A few weeks ago I heard a student in one of my classes badmouth New Haven, Connecticut. Essentially he said to some students who were discussing college visits that while the campus of Yale University was impressive, the surrounding areas were ugly and dangerous. Coincidentally my wife and I had been planning a trip to New Haven to visit one of the university’s art galleries, to eat at a Turkish restaurant I had found with my daughter years ago, and to go to IKEA. We found that New Haven’s streets were beautiful and bustling, the art was beyond impressive, the restaurant was as good as I had remembered, and IKEA still didn’t have any more of the stainless steel French press coffee makers. Yale University is, of course, one of the most renowned institutions of higher learning in the United States and internationally and yet its urban setting was clearly an issue in the mind of suburban kids from Connecticut itself in spite of the fact that, truth be told, the areas around the campus I observed appeared prosperous, vibrant, and safe.
How much more difficult then for the significantly more humble (ironically) American-International College in Springfield to overcome the concerns of parents and children alike with respect to its campus and environs. Let me interrupt here by saying that the exact number of bullets I would feel comfortable finding lodged within panes of glass in my house is zero, no more. However, realizing that with dozens of buildings with hundreds or perhaps thousands of windows located in an urban area where gunfire does occur from time to time, statistically speaking, a bullet will strike some glass from time to time.

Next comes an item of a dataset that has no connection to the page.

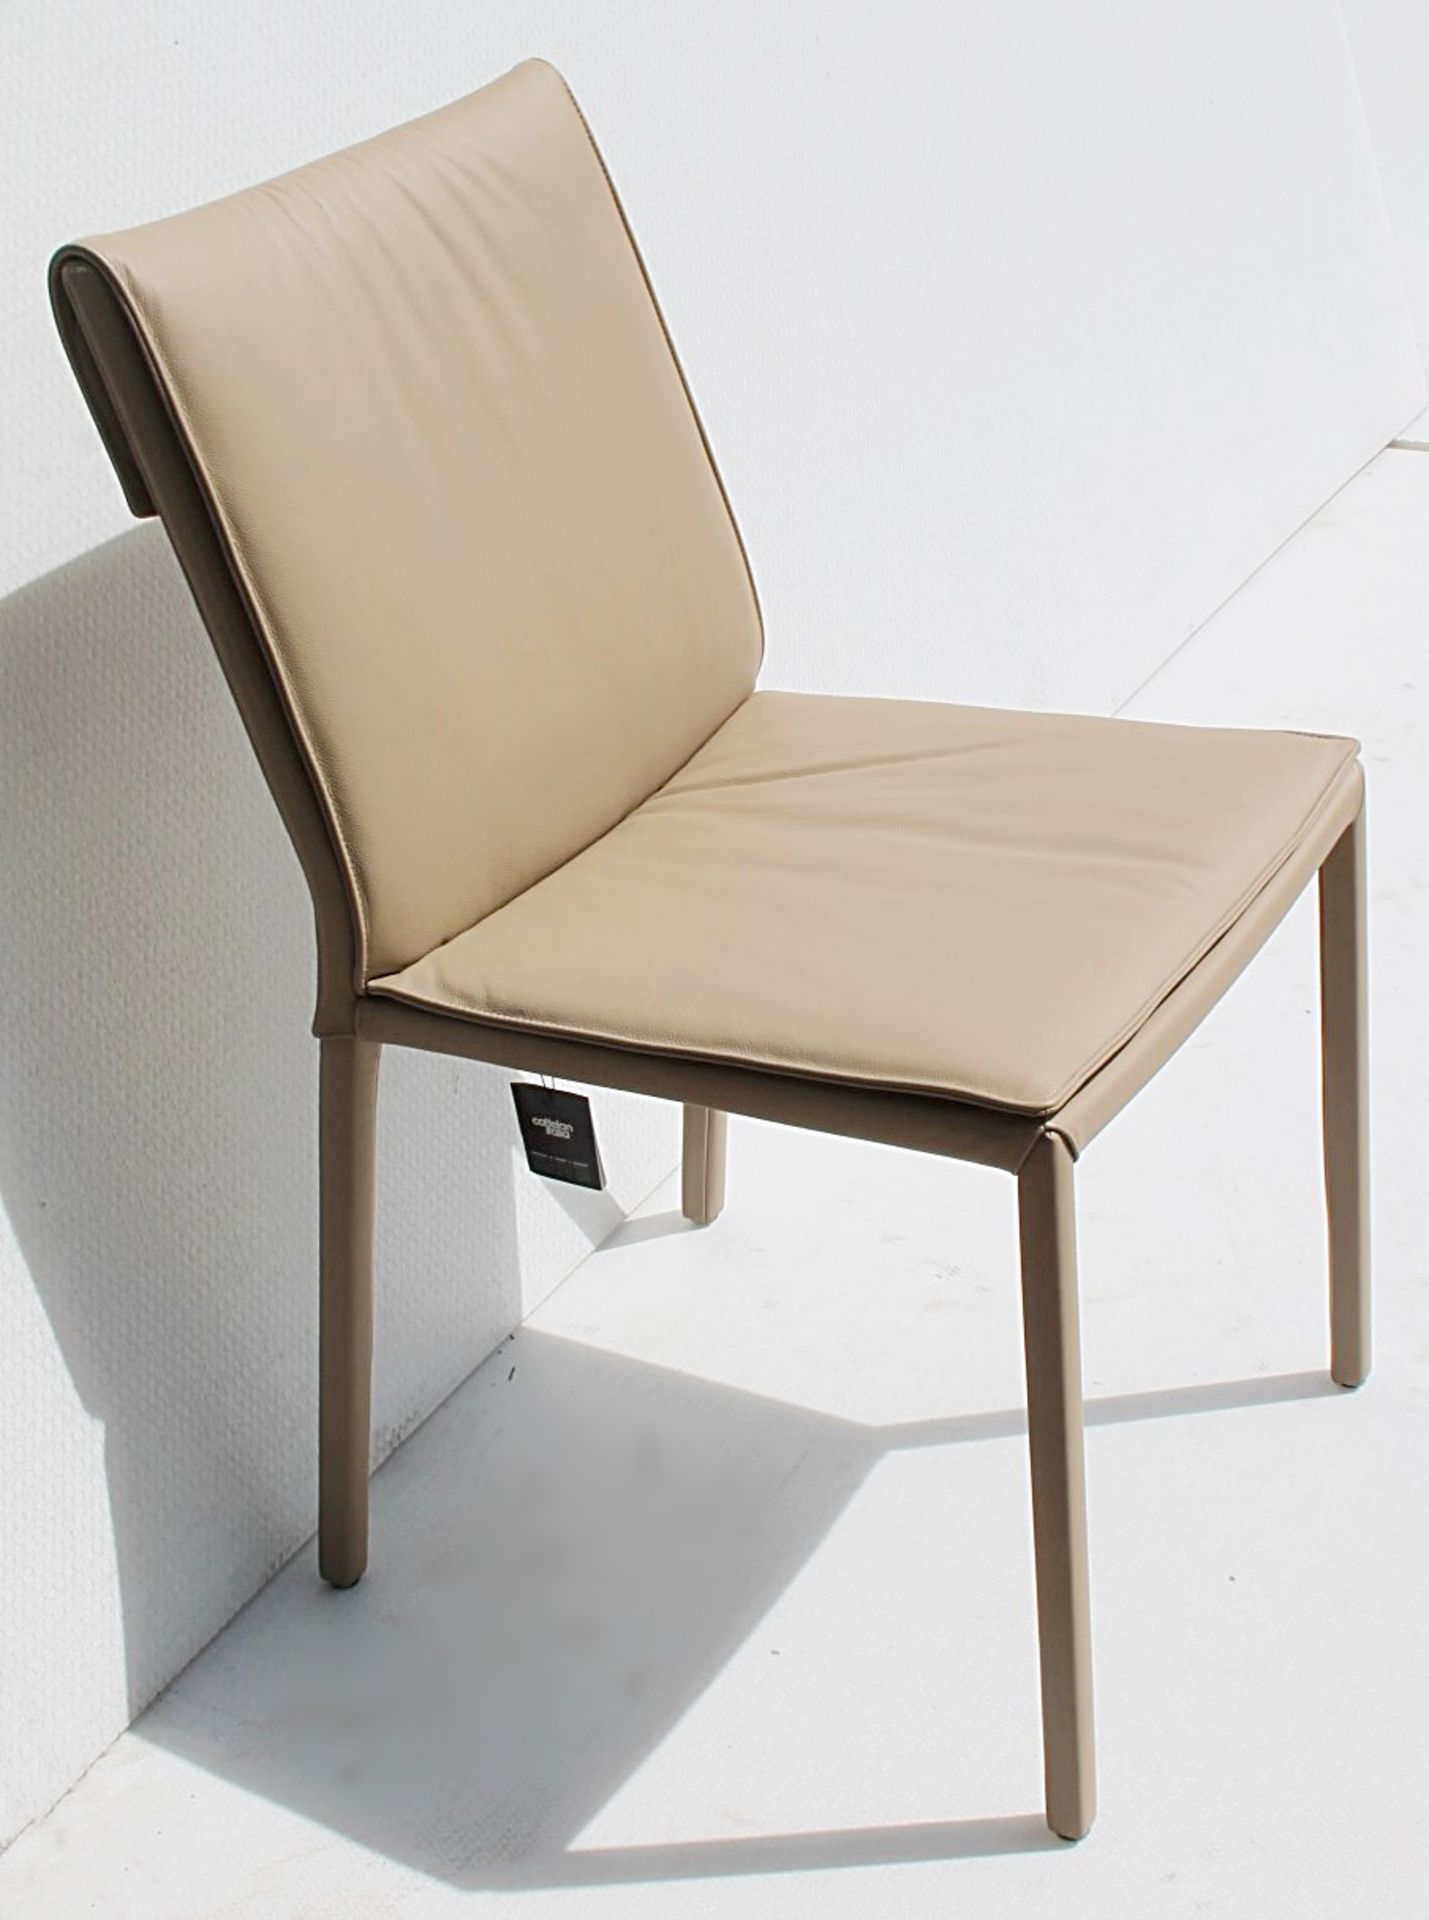 6 x CATTELAN 'Isabel' Italian Designer Leather Upholstered Dining Chairs - Original Price £3,864 - Image 4 of 9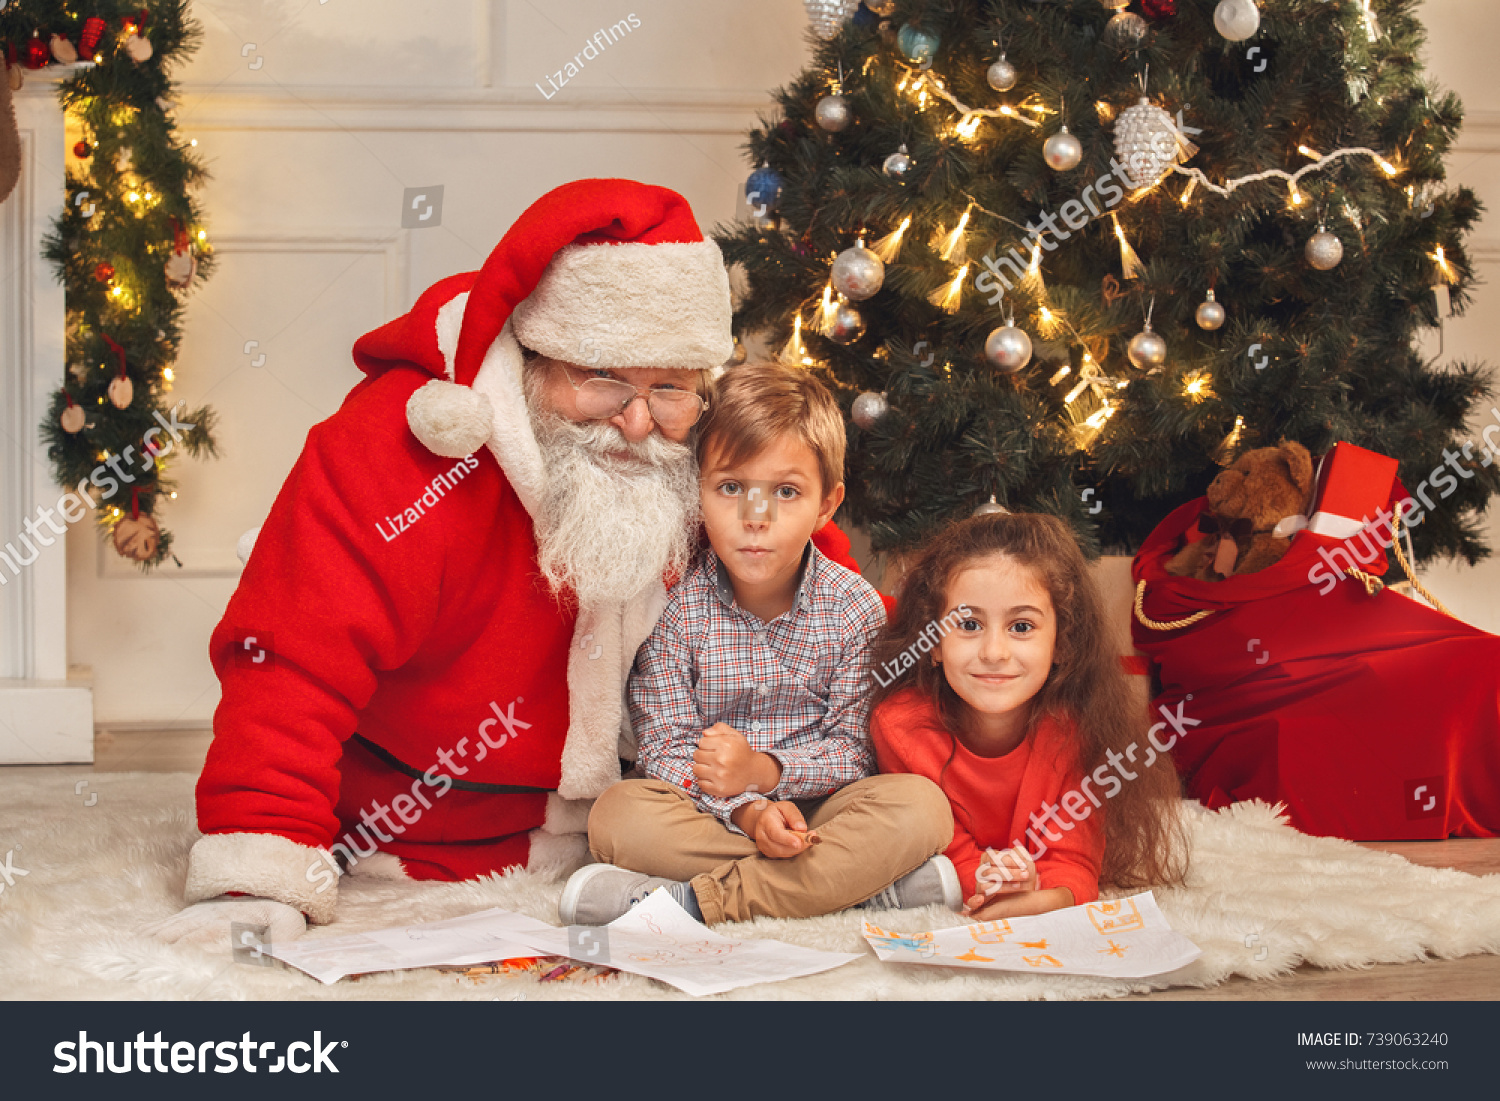 Santa Claus Kids Indoors Christmas Celebration Stock Photo Edit Now 739063240

Recently concern was heightened by an incident described thusly in the media: “On March 29, a cafeteria worker reported a rock striking a window. When police investigated, they found a spent bullet that had pierced the outer pane of the window but had failed to penetrate an inner pane. An investigation determined it was a ricochet round fired during a shootout involving two cars on nearby Oak Grove.”
Again, not cool. But based on the evidence, “AIC” was not the target. The other 4 “incidents” which have lead up to something of a frenzy in the media and on campus include one more bullet crashing through a window on campus (Again, that is now two too many), two reports of actual gunfire near campus, and one apparent false alarm.
On the other hand, here are the actual statistics for the last four years of crime on campus:
And while Masslive found it appropriate to attach a map to the story with murders which have taken place close to the campus since before current seniors at AIC were freshmen, the actual number of AIC students murdered in that time is still 0.
Approximately 26 students are murdered on college campuses in the United States each year according to the Department of Education. At least 40 times that number are killed driving around before and after class (with a number many times that seriously injured as well). In one news report a female student said she was afraid to walk to her car alone and that her parents will not let her take night classes out of concerns for violence…obviously no concern for her commuting day after day despite that being the more likely danger! You can be certain that parents sending children to the nursing school at Georgia Southern University are NOT rethinking their decision to do so in spite of the death of 5 nursing students there this week. That the program includes clinical work at a hospital located 57 miles from campus likely still seems insignificant to them.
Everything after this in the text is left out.